Ek Dosya 1: Bu çalışmada kullanılan çözüm ve ortam tarifleri. Ayrıntılı kullanım için metne bakın. Bu Dosyayı indirmek için lütfen tıklayınız.

Ek Dosya 2: Sinir büyüme konisinde Lifeact floresan görüntüleme ve HaloTag-actin floresan benek görüntüleme. Lifeact (yeşil) ve HaloTag-actin (macenta). Görüntüler her 3 sn toplam 147 s süreyle elde edildi. Ölçek çubuğu: 2 μm. Ayrıca bkz. Şekil 3. Bu Dosyayı indirmek için lütfen buraya tıklayın.

Ek Dosya 3: F-actin akış hızını ve aktin polimerizasyon oranını ölçmek için verileri uygulayın. Lifeact (yeşil) ve HaloTag-actin (macenta) çok kanallı zaman atlamalı yığın görüntüsü. Ayrıca bkz. Bu Dosyayı indirmek için lütfen tıklayınız.

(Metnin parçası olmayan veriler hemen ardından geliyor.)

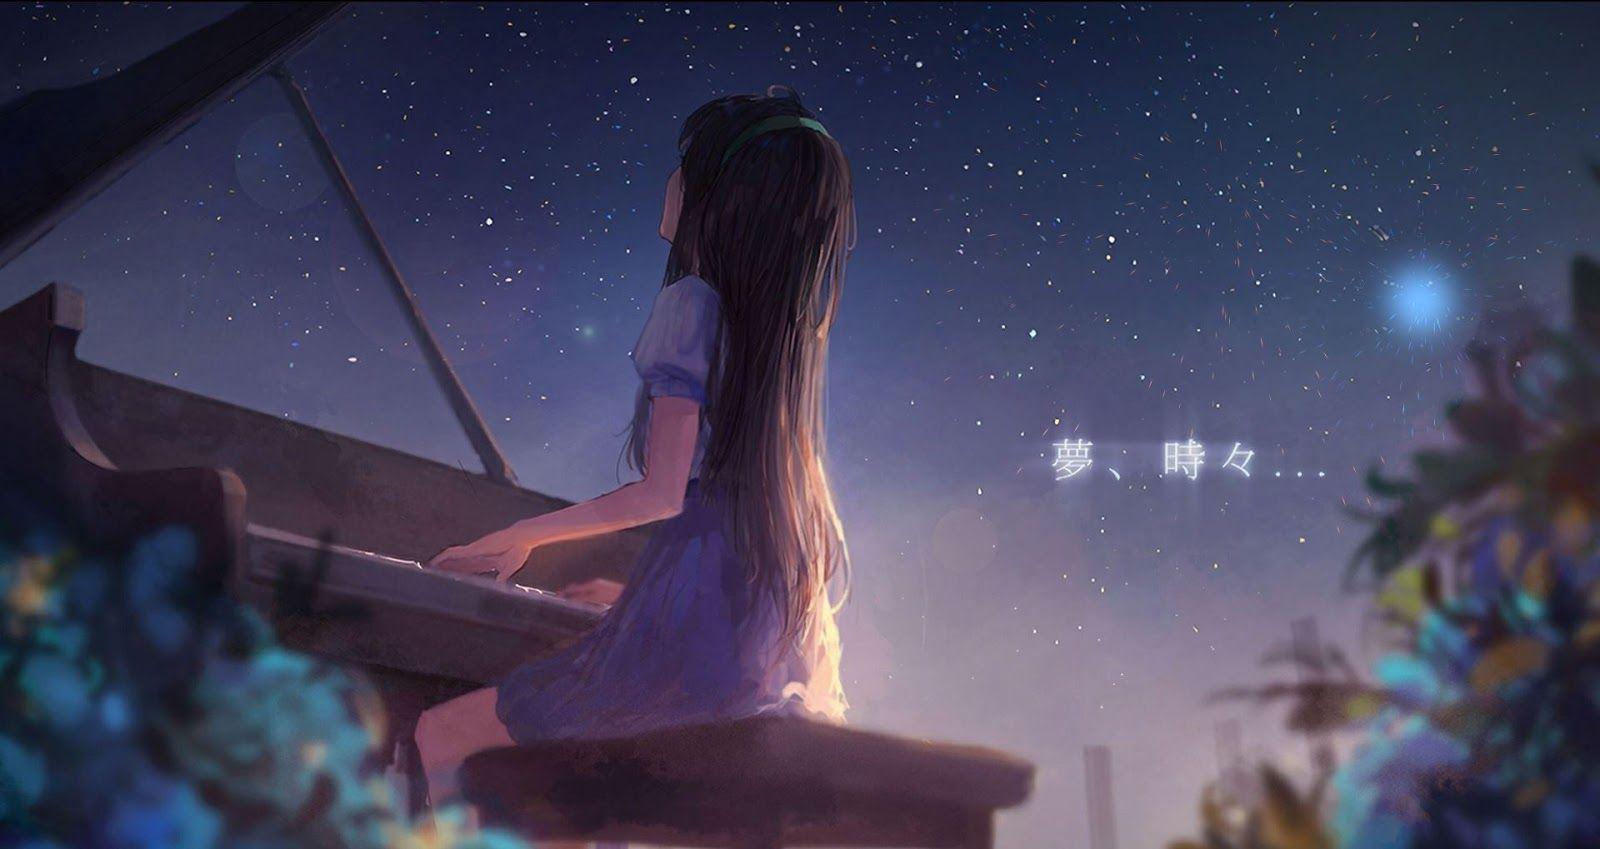 Under The Fireworks | Animated, Parallax, BGM [Wallpaper Engine Anime] 4K

Ek Dosya 4: Nöronal büyüme konisinde çekiş kuvveti algılayan bir kuvvet haritalama videosu. Boncukların orijinal (yeşil) ve yer değiştirmiş (kırmızı) konumları. Büyüme konislerindeki EGFP sinyali mavi renkte gösterilir. Görüntüler 147 s için her 3 sn'de bir alındı. Ölçek çubuğu: 2 μm. Ayrıca bkz. Bu Dosyayı indirmek için lütfen tıklayınız.

Ek Dosya 5: Çekiş kuvveti analiz kodu. Ayrıntılı kullanım için lütfen Adım 8.12'ye bakın. Bu Dosyayı indirmek için lütfen tıklayınız.

Ek Dosya 6: Çekiş kuvveti ölçmek için pratik verileri. Sınırsız substrattaki boncukların tek kanallı RGB görüntüsü ve büyüme konisi, EGFP ve parlak alan altındaki floresan boncukların tek kanallı zaman atlamalı yığın RGB görüntüleri. Ayrıca bkz . Bu Dosyayı indirmek için lütfen tıklayınız.

Tartışmalar

Bu çalışmada açıklanan protokollerde, tüm laboratuvarlarda, enstitülerde ve üniversitelerde rutin olarak bulunan ticari olarak mevcut malzemeler ve mikroskopi ekipmanları sunulmuştur. Bu nedenle, araştırmacılar çalışmalarında mevcut tek benek görüntüleme ve çekiş kuvveti mikroskopisini kolayca benimseyebilirler.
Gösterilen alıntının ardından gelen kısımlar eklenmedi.